The NWEA data came from the grades of 7.7 million students last spring, in grades three through eight.

Younger students are recovering slightly better, only needing an additional 2.2 months in reading and 1.3 months in math to reach pre-COVID levels.

“If we don’t meet expectations in earlier grades about what students should know, it will be very difficult for them to interact with new content that builds on what they already expect to have mastered, and that will be challenging for students,” Lewis said.

Low test scores despite $200 billion in federal pandemic funding for schools have worried experts, with some arguing that interventions were delivered ineffectively or that money was spent recklessly.

Districts spent “a large amount of money in ways that were effective but not effective enough to close these achievement gaps. Things like tutoring, which I believe by all accounts are effective, but they didn’t reach all the students needed or weren’t as intense or well-planned as they should have been,” Polikoff said.

“Without really radical intervention, I’m not surprised we haven’t recovered,” he added.

Angela Morabito, a spokeswoman for the Freedom Defense Institute, said the Biden administration should have required that all pandemic funding go directly to combating learning loss.

“I have yet to hear a good explanation for why only 20% was needed. Therefore, much of the money was used on things that were adult priorities rather than what was best for students. So the results here – the students did not recover – are not surprising,” Morabito said.

Faced with pandemic conditions, schools have spent federal funds on everything from updating HVAC systems to increasing mental health resources and raising teacher salaries in an effort to improve retention.

Lindsay Dworkin, senior vice president of policy and government affairs at NWEA, said pandemic money for schools was originally designed for public safety first and to bring students back to schools, leaving learning loss second. , as individuals did not know how big the impact would be. the problem would be back in 2020.
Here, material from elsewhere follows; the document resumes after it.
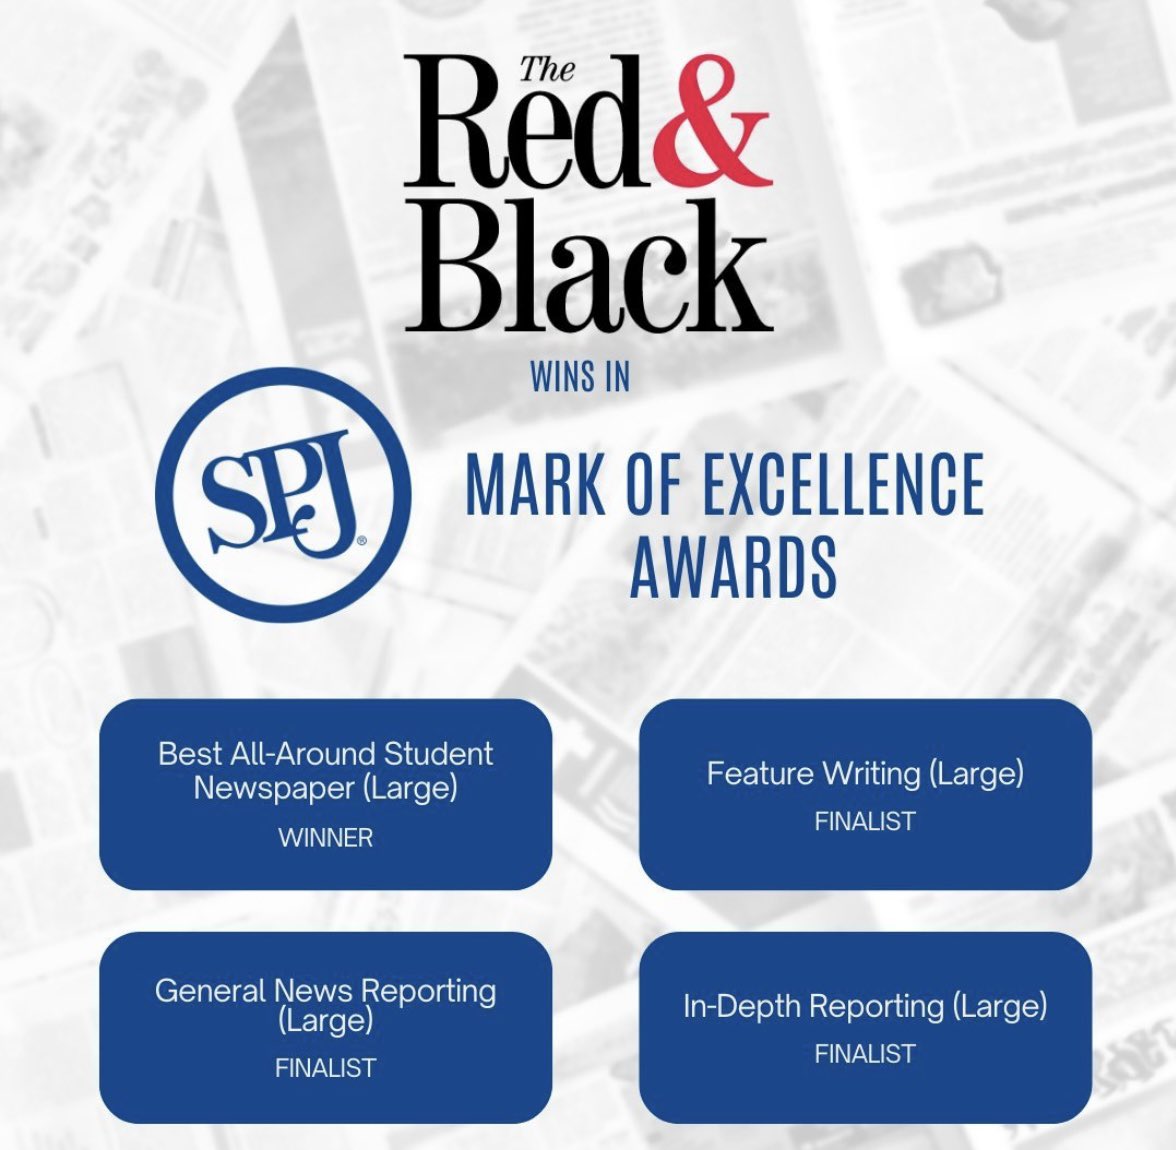 Congratulations to @redandblack for winning big in this year’s @spj_tweets Mark of Excellence awards for Region 3! spj.org/news.asp?REF=3…

“At the time the money started flowing, we didn’t have the same understanding of how deep the disruption to learning would be, what it would look like, and for which children,” she said, adding that schools “didn’t have enough time” to implement new programs. of learning loss “to really see the maximum effectiveness of what a large-scale intervention could look like.”

Chronic absenteeism has also increased since the arrival of the pandemic, with an analysis from the American Enterprise Institute showing it increased by 14 percent between 2018 and 2022.

The Economic Advisory Council states that 27 percent of declines in math scores and 45 percent of declines in reading can be attributed to chronic absenteeism.

“I also think we need to look at the context in which students find themselves. We know that chronic absenteeism rates are still quite high in relation to pre-pandemic trends and so we should not expect, of course, that students will not be in the classroom as often as we would like them to learn, but they will not learn. at the pace we would like,” said Lewis.